Ушел. Дурацкая ли это выходка или заурядная месть, но он ушел, бросив две сотни карпов, которые судорожно хватают последние глотки воздуха; до завтра они вполне успеют сдохнуть и превратиться в зловонные, рыхлые останки с фиолетовыми жабрами и белыми глазами. Подумаешь, велика беда! Ему-то что? Он ушел. Дождь устает, сеет мелкой изморосью. Ночь, кажется, тоже устала: охровое зарево — в другой час можно было бы подумать, что это заря, — занялось на западе, в стороне Сен-Ле. Зарево быстро разрастается, разгорается и светящимся своим фоном выдает идущую (или бегущую) к деревне тень, которая обретает определенную форму, превращается в силуэт. Да еще какой силуэт! Сперва обрисовывается голова — да-да — в круглой шляпе с узкими полями, какие зажиточные крестьяне надевают на похороны или на свадьбу. Затем возникают плечи и руки, воздетые к небу, точно у кюре, возносящего молитву, — только заканчиваются эти руки двумя сжатыми кулаками. А вот наконец появляется и вся фигура целиком, ни на что не похожая, ибо скрыта она чем-то широким, развевающимся на ходу — не то платьем, не то блузой, не то дождевиком… Зарево с каждой минутой все разгорается — вот оно уже ярко-оранжевое, ослепительное в центре — и вдруг взметывается, факелом устремляется в небо, отдавая во власть ветру длинные красноватые нити… Огонь! Теперь уже точно. Это — огонь. Силуэт покачивается, подрагивает. Но вот человек выпрямляется и в некоем подобии бешеной пляски как бы сливается с объятым пламенем небом… Кажется, будто он радостно загорается сам, вернее, будто сам он исторгает огонь, выдыхает пламя, сжимая обеими руками грудь.

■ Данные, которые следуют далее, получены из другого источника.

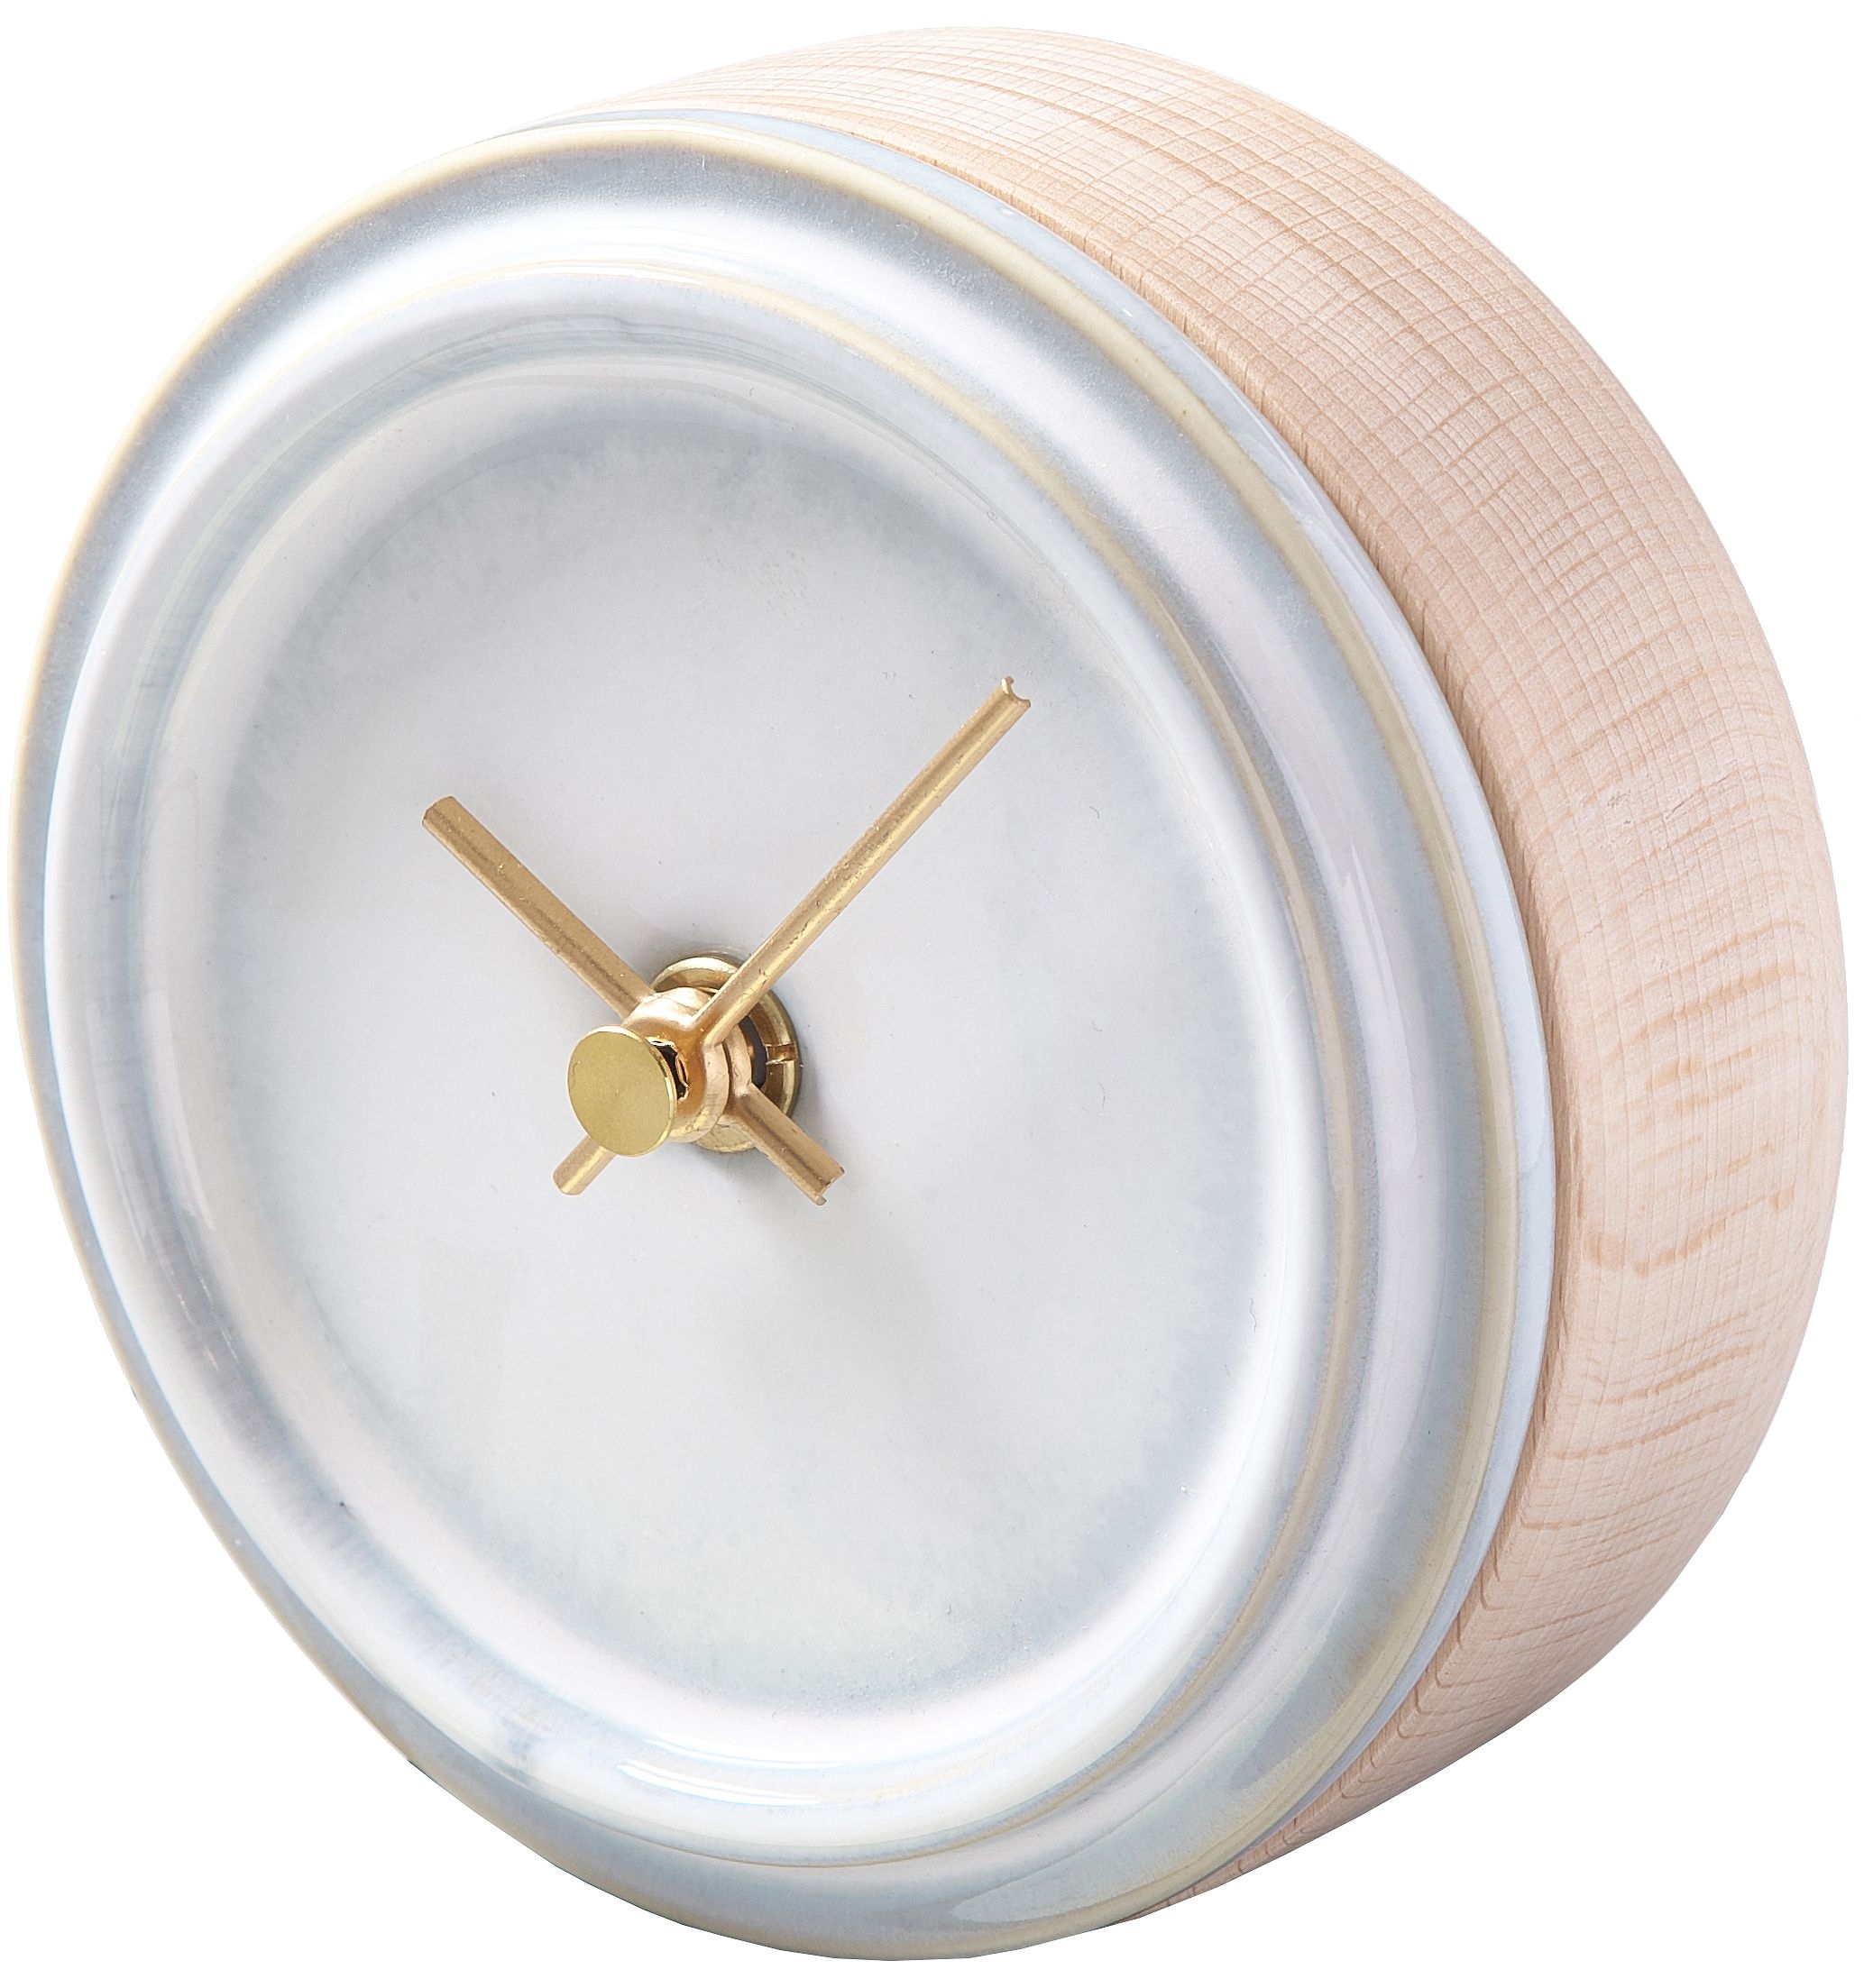 SUGY(杉浦製陶) 陶磁器の美しい置き時計 TILE WOOD CLOCK 乳白釉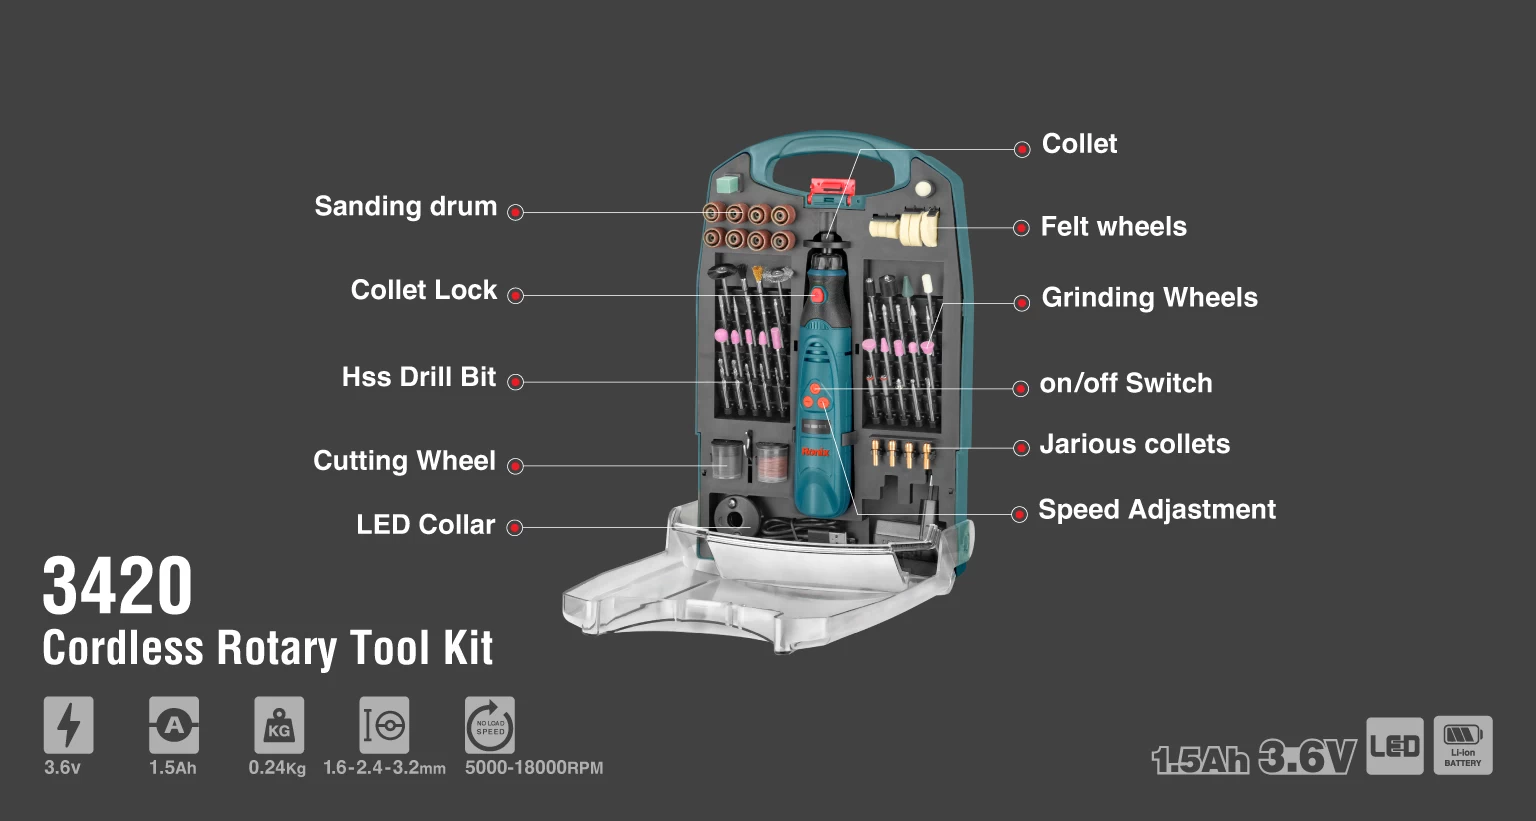 Cordless Rotary Tool Kit, 3.6V, 1.6/2.4/3.2mm_details

Понятно — обман зрения. Человек — если это вообще человек — не пляшет. Он бежит. Бежит во весь опор, по-спортивному: раз-два — через поля; раз-два — через луга. Во весь опор несется он вниз и бесследно исчезает в ночи, в то время как близится, становится все явственнее неистовство меди, вопль трубы, что там, внизу, возвещает о пожаре.
II
Труба, которая со времен оккупации, когда колокола снимали на переплавку, заменяла в Сен-Ле набат, трубила вот уже около часа. Папа, верно, вскочил при первых же ее звуках, потому что я даже не слышала, когда он ушел. Ведь смолоду сон очень крепок. Но и меня в конце концов донял шум, поднятый Рюо — нашим расклейщиком объявлений и глашатаем, который прошел вверх по улице Анжевин, выдувая три резкие ноты у каждого проулка, под каждой подворотней, отнимая мундштук ото рта, чтобы пройтись на чей-то счет или просто выругаться перед затворенными ставнями. Я открыла глаза, машинально вытянула руку. Слева, разумеется, никого: мамы нет дома — именно сейчас она, должно быть, под ахи, охи и прищелкиванья языком торжественно входит в гумно, затянутое материей в цветочек, неся нечто, высоко вздымающееся на блюде — шедевр, который стоил двух дней работы и которого ждали все приглашенные к Годианам на свадьбу (особенно молодежь, потому что при мамином появлении все устремляются к ней и тогда можно стянуть подвязку новобрачной).
— Папа! — крикнула я, вскакивая с постели.
Ответа, разумеется, не последовало. Впрочем, я его и не ждала. Я натянула чулки… Смешно, но я всегда в первую очередь натягиваю чулки, которые, как правило, свертываются и сползают вниз, пока я брожу в поисках пояса. А найдя его, я, бывает, с трудом пристегиваю резинки. Вот и тогда у меня никак ничего не получалось. Папа ушел. Папа — на пожаре. В самом пекле, там, где всего опаснее, — как всегда. А Раленг и остальные — кроме Люсьена Троша — наверняка уступают ему свою долю риска… Ни к чему менять ночную рубашку на дневную! Засунем ее в штаны, сверху — юбка, свитер и куртка… Застегнем «молнию» — ив путь! Ну, и ветер! Свет я погасила, но двери запирать не стала — просто захлопнула их; в ушах еще звучали папины слова во время последнего пожара у Дарюэлей: «А ну, живо в постель! Девчонке в шестнадцать лет нечего делать на пожаре». Но его не было. И мамы тоже — уж она-то непременно заперла бы дверь. А одна, совсем одна я оставаться не могла. Попробуйте спать, когда ваш отец — самый главный в борьбе с огнем! И я бросилась на улицу, в толпу.